** THE DATA follows **

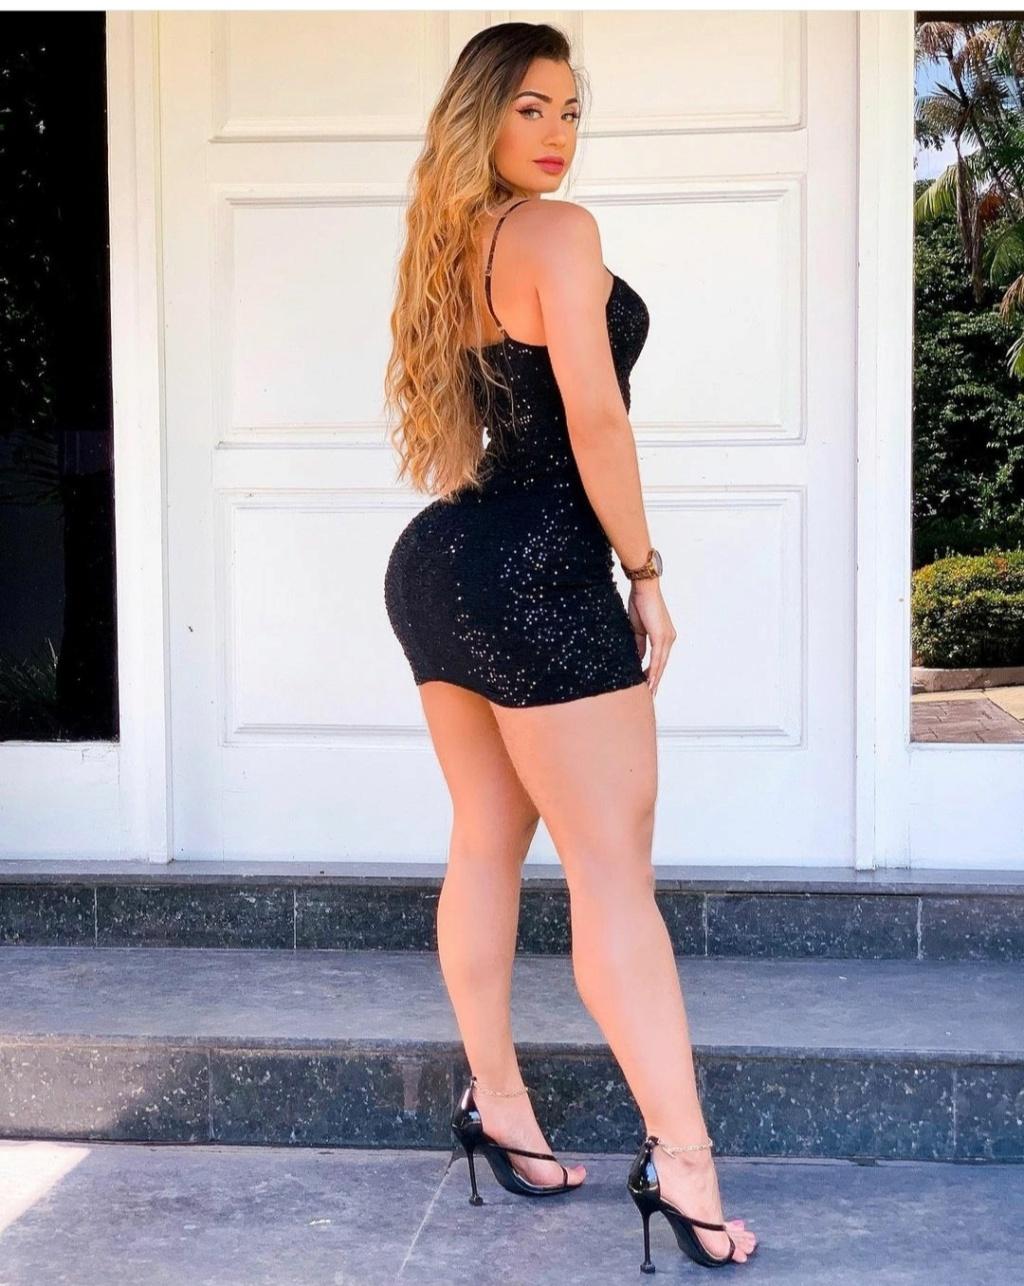 DEBATE sobre belleza, guapura y hermosura (fotos de chicas latinas, mestizas, y de todo) - VOL II - Página 2 Img_1051
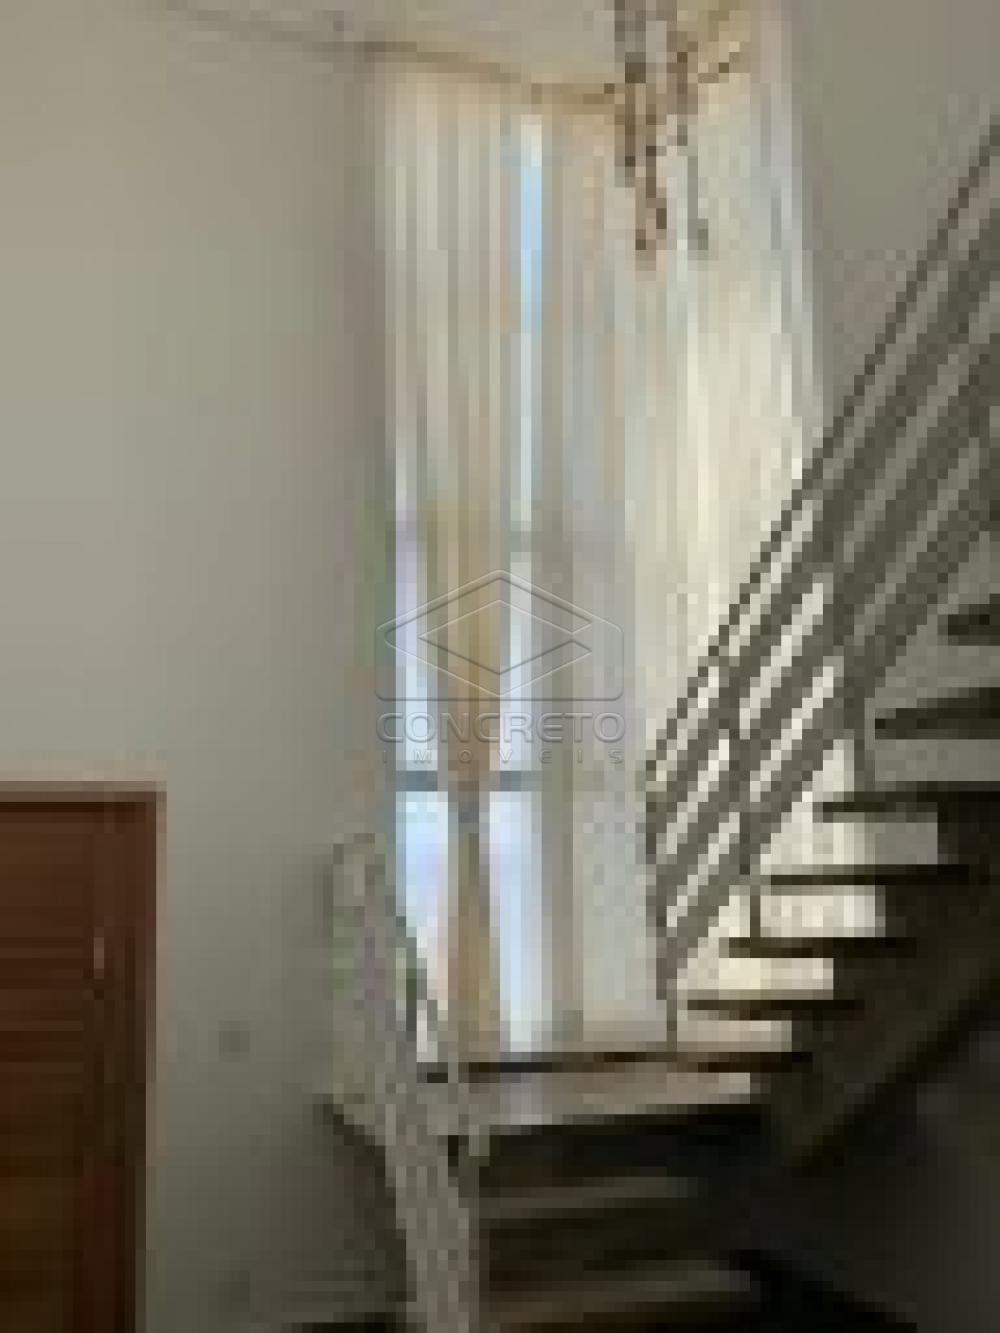 Comprar Casa / Padrão em Sao Manuel apenas R$ 650.000,00 - Foto 36
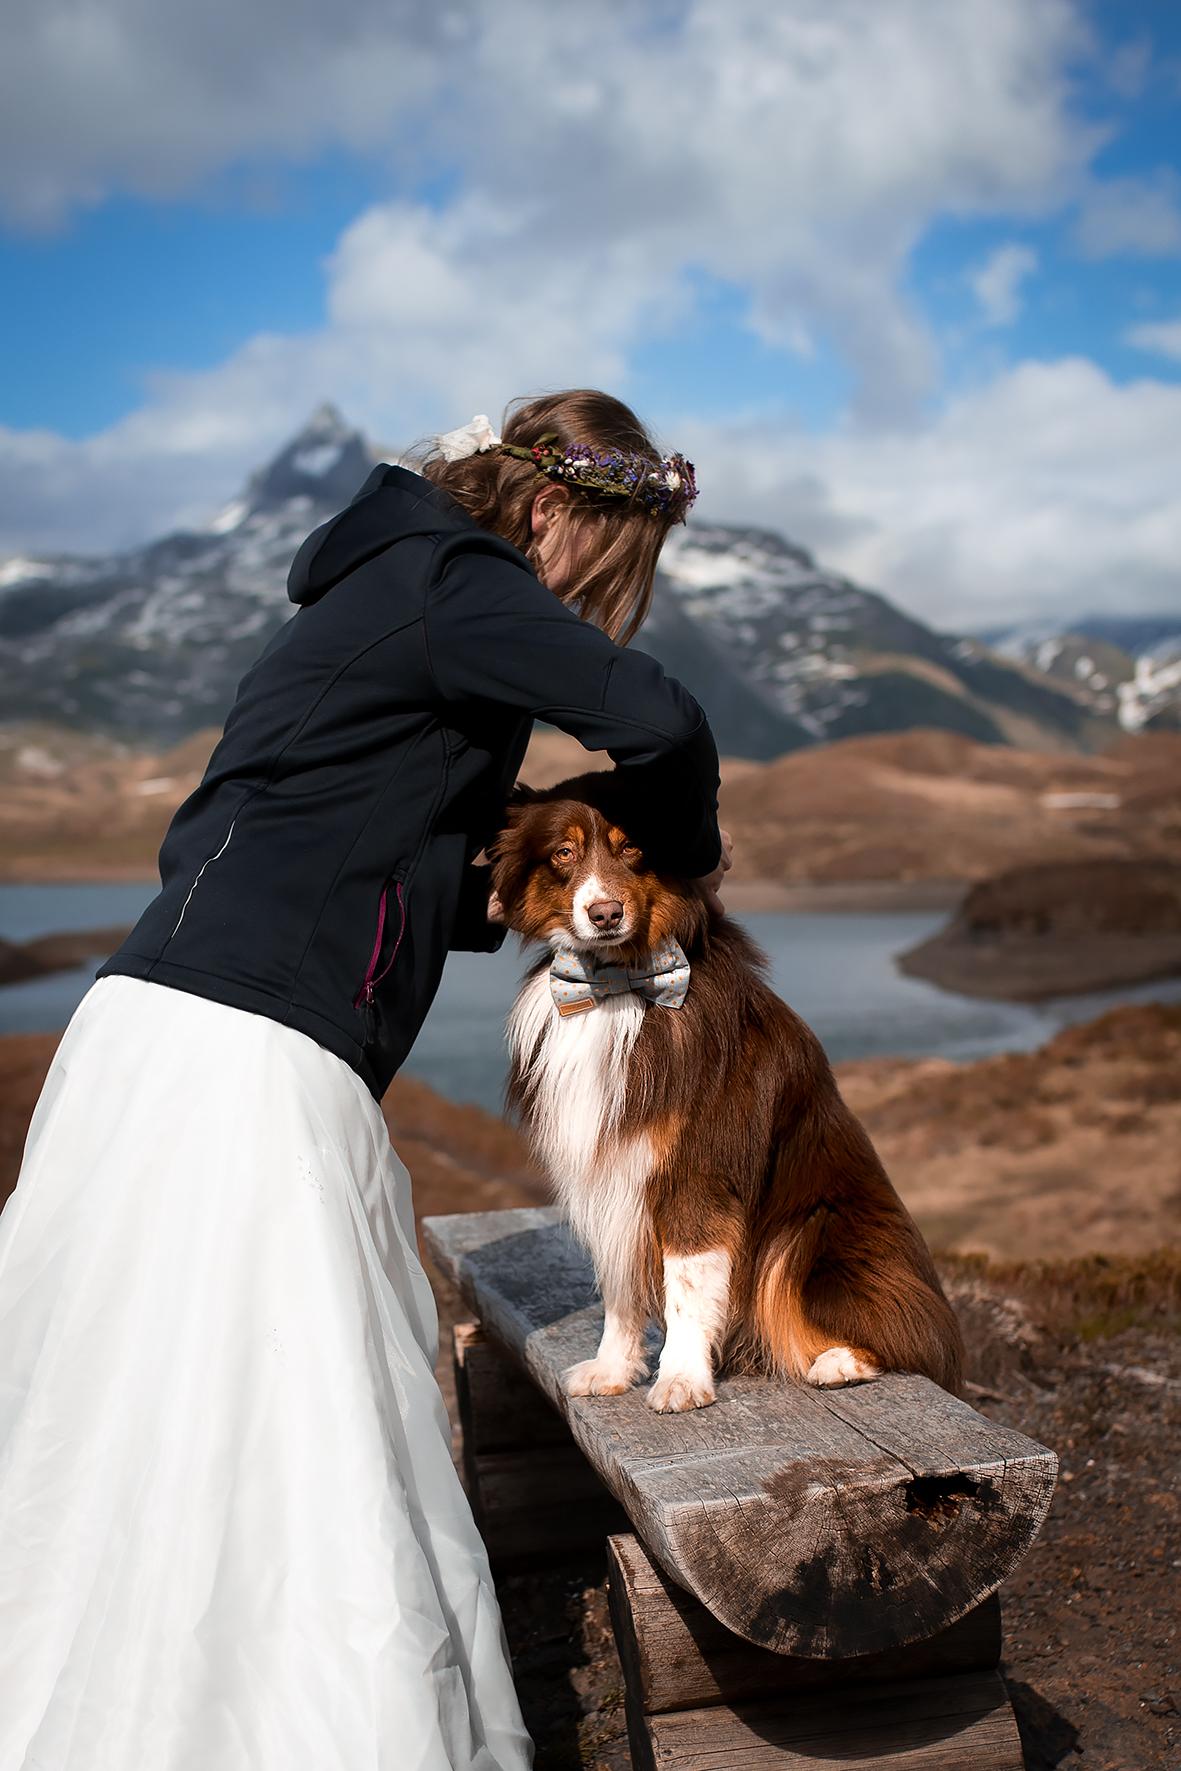 Getting Ready für eine Hochzeit in den Bergen für den Hund des Brautpaares. Der Australian Shepherd bekommt für die Hochzeit eine Fliege für Hunde umgebunden. Die Fliege ist hellblau mit goldenen Punkten und passt perfekt zu seinem Fell. Er sitzt dabei auf einer Holzbank am Wanderweg entlang des Tannensees auf der Melchsee Frutt.
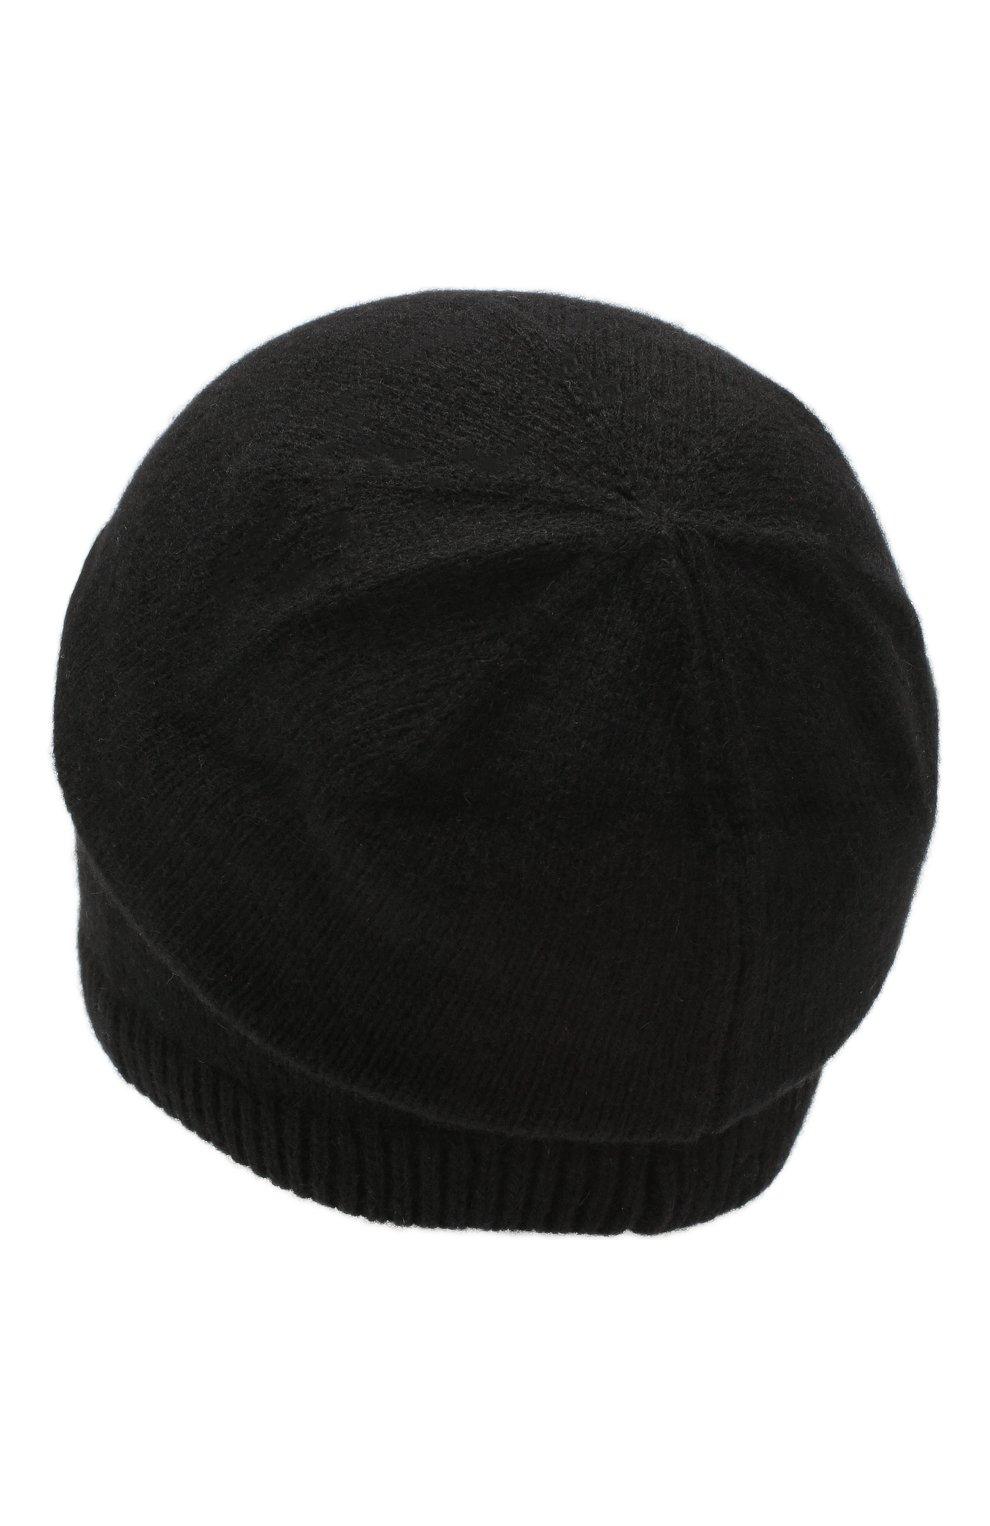 Мужская кашемировая шапка next CANOE черного цвета, арт. 3441951 | Фото 2

** End of THE DATA **

## WHAT THE TASK ASKS
Wherever an image sits in the data, omit it; everything else must be copied exactly.

## RESULT FOR THIS EXERCISE
 DEBATE sobre belleza, guapura y hermosura (fotos de chicas latinas, mestizas, y de todo) - VOL II - Página 2 Img_1051
 Comprar Casa / Padrão em Sao Manuel apenas R$ 650.000,00 - Foto 36
 Getting Ready für eine Hochzeit in den Bergen für den Hund des Brautpaares. Der Australian Shepherd bekommt für die Hochzeit eine Fliege für Hunde umgebunden. Die Fliege ist hellblau mit goldenen Punkten und passt perfekt zu seinem Fell. Er sitzt dabei auf einer Holzbank am Wanderweg entlang des Tannensees auf der Melchsee Frutt.
 Мужская кашемировая шапка next CANOE черного цвета, арт. 3441951 | Фото 2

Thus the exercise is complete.